What is a Candlestick Chart?- 7 Important Things to Know

Candlestick charts are often considered the best tool for predicting price action. Many successful traders have mastered price action using candlestick charts. In this article, we will learn about candlesticks and how they visually represent prices. Let’s get started!

What is a candlestick in trading?

Stock trading is all about price, and one way to study stocks is through technical analysis. Within technical analysis, we have price action and many price and volume-based technical indicators. However, people generally prefer price action first. Price action simply means the movement of price within the chart. It involves closely analyzing how the price behaves at certain levels. The visual representation of the price is done through charts. There are different types of charts like line charts, Heikin-Ashi charts, bar charts, and candlestick charts. Out of all these, candlestick charts are something special. They are used by most traders worldwide along with some indicators.

But what’s so special about these candlestick charts?

A candlestick is a packed representation of price over a given period of time.

Let’s simplify it more.

A candlestick has 4 price points in it:

Open, High, Low, and Close. It is called OHLC in short.

Candlesticks and Time Frame

Candlesticks come in every time frame, like we can have a candlestick of 1 hour, 1 day, 1 week, 1 year, 2 weeks, 2 years, 1 minute, 5 minutes, 30 minutes, 3 minutes, 1 second, 5 seconds, 10 seconds, and so on. Now you might have an idea that a candlestick can be made for any time period. Since time is an infinite thing, we can never run out of units of time and so of candlesticks.

It all comes down to the point that price has a fractal nature.

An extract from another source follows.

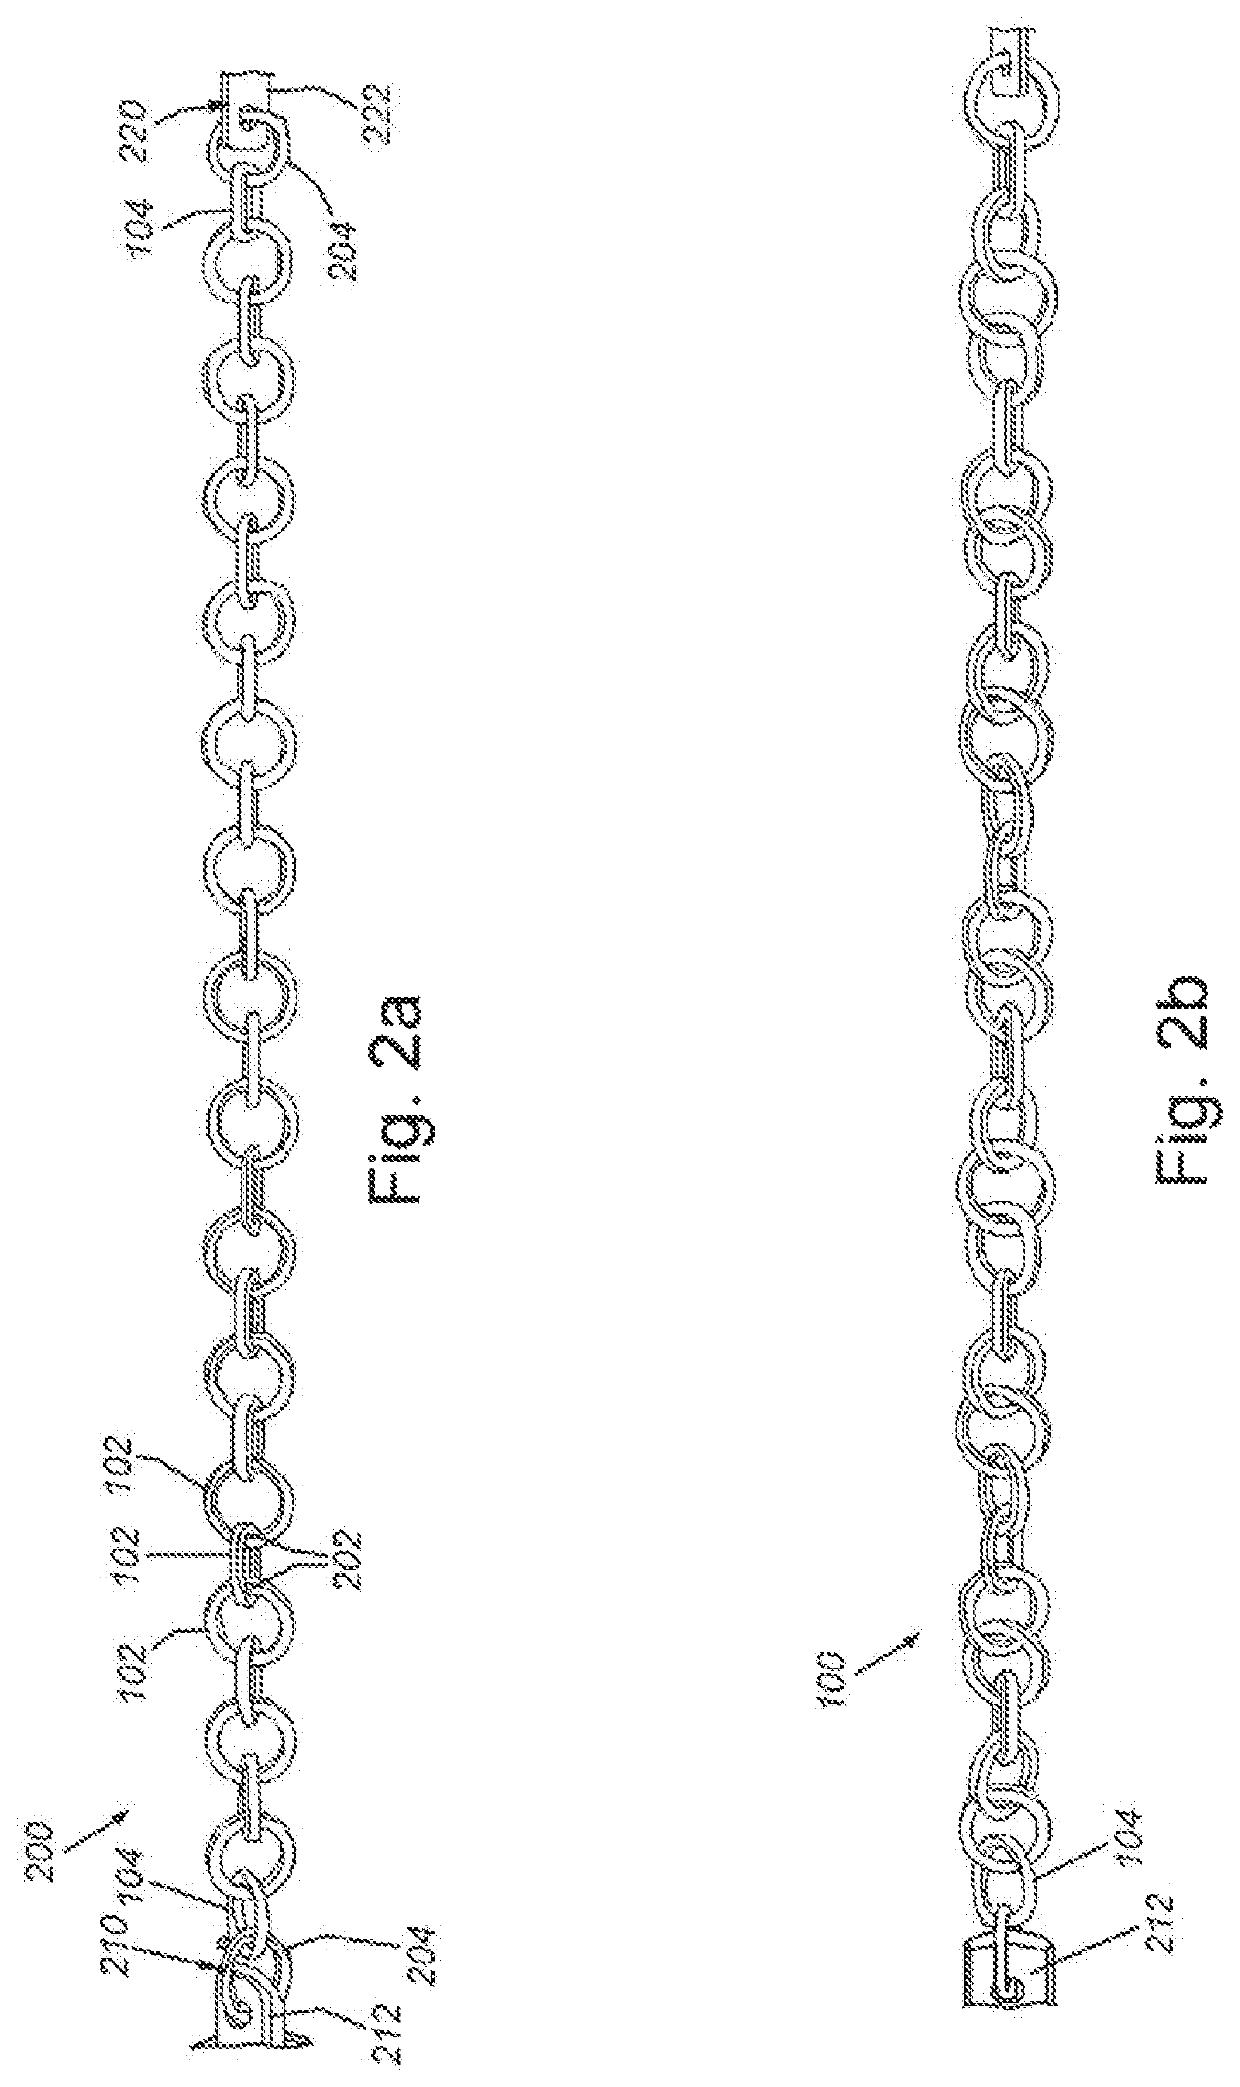 System and method for conversion of rotational motion into linear actuation by mechanical stacking or unstacking of connected links

How is a candlestick formed?

You have a time period of, say, 6 months. You can make a candlestick representation of the prices within that 6 months. But for that, you must know what the opening price (initial price simply) was for that 6-month period, what the highest price was within that period, what the lowest price was, and at the end of that 6 months, what the last price was. So, this is it. I think this is the simplest explanation of price representation through a candlestick.

History of Candlestick Charts

Now, where did this price representation through candlesticks come from? It all started in Japan. There was a trader called Munehisa Honma, who is known as the father of candlestick charts. Japanese rice traders used candlestick charts for their trading. Then, it spread to the Western world, gradually to America, and finally into the stock markets and financial markets.

What is the importance of Candlestick Charts?

But why are these candlestick charts so important? Why are these charts prioritized over other methods of price representation? Because candlestick charts show the collective emotion of the crowd much better than other methods. These emotions are seen through the Open, High, Low, and Close prices in a given interval of time.

Types of Candlesticks

A candlestick is just a visual representation of price and has no inherent types. However, based on past price action and candlestick behavior, people have categorized some candlesticks by their patterns and formations.

While there is no exhaustive list of candlestick patterns, some commonly recognized ones include Doji, Hammer, and Engulfing. These types are based on their patterns and formations. These patterns help traders interpret market movements, though traders can also create and name their own unique patterns.

How to Read Price Action in Candlestick Charts?

To read price action in candlestick charts:

Start by understanding that each candlestick represents a specific time period and shows four key price points: Open, High, Low, and Close (OHLC). Here’s how to do it:

  1. Identify Candlestick Patterns: Look for common patterns like Doji, Hammer, and Engulfing. These patterns can indicate potential market trends and reversals.
  2. Analyze the Body and Wicks: The body of the candlestick shows the range between the opening and closing prices. The wicks (or shadows) show the highest and lowest prices during the period.
  3. Observe Trends: Look at a series of candlesticks to see if there are any trends. An upward trend (bullish trend) is indicated by a series of candlesticks with higher highs and higher lows. A downward trend (bearish trend) is indicated by lower highs and lower lows.
  4. Watch for Support and Resistance Levels: These are price levels where the stock tends to find support as it falls or resistance as it rises. Candlestick patterns at these levels can be significant indicators of future price movements.
  5. Use Volume: Volume can confirm price action. High volume on a bullish candlestick can indicate strong buying interest, while high volume on a bearish candlestick can indicate strong selling pressure.

By combining these elements, you can effectively read price action in candlestick charts and make informed trading decisions.

ALSO READ – What is the meaning of Market Price in the Stock Market?

The Bottom Line

Candlestick charts play an important role in trading. Their simplicity makes them popular among traders. However, these charts can be misleading if you are not fully aware of the other factors involved in trading. Therefore, it is important to learn how to read price action through candlestick charts before moving ahead. Happy trading!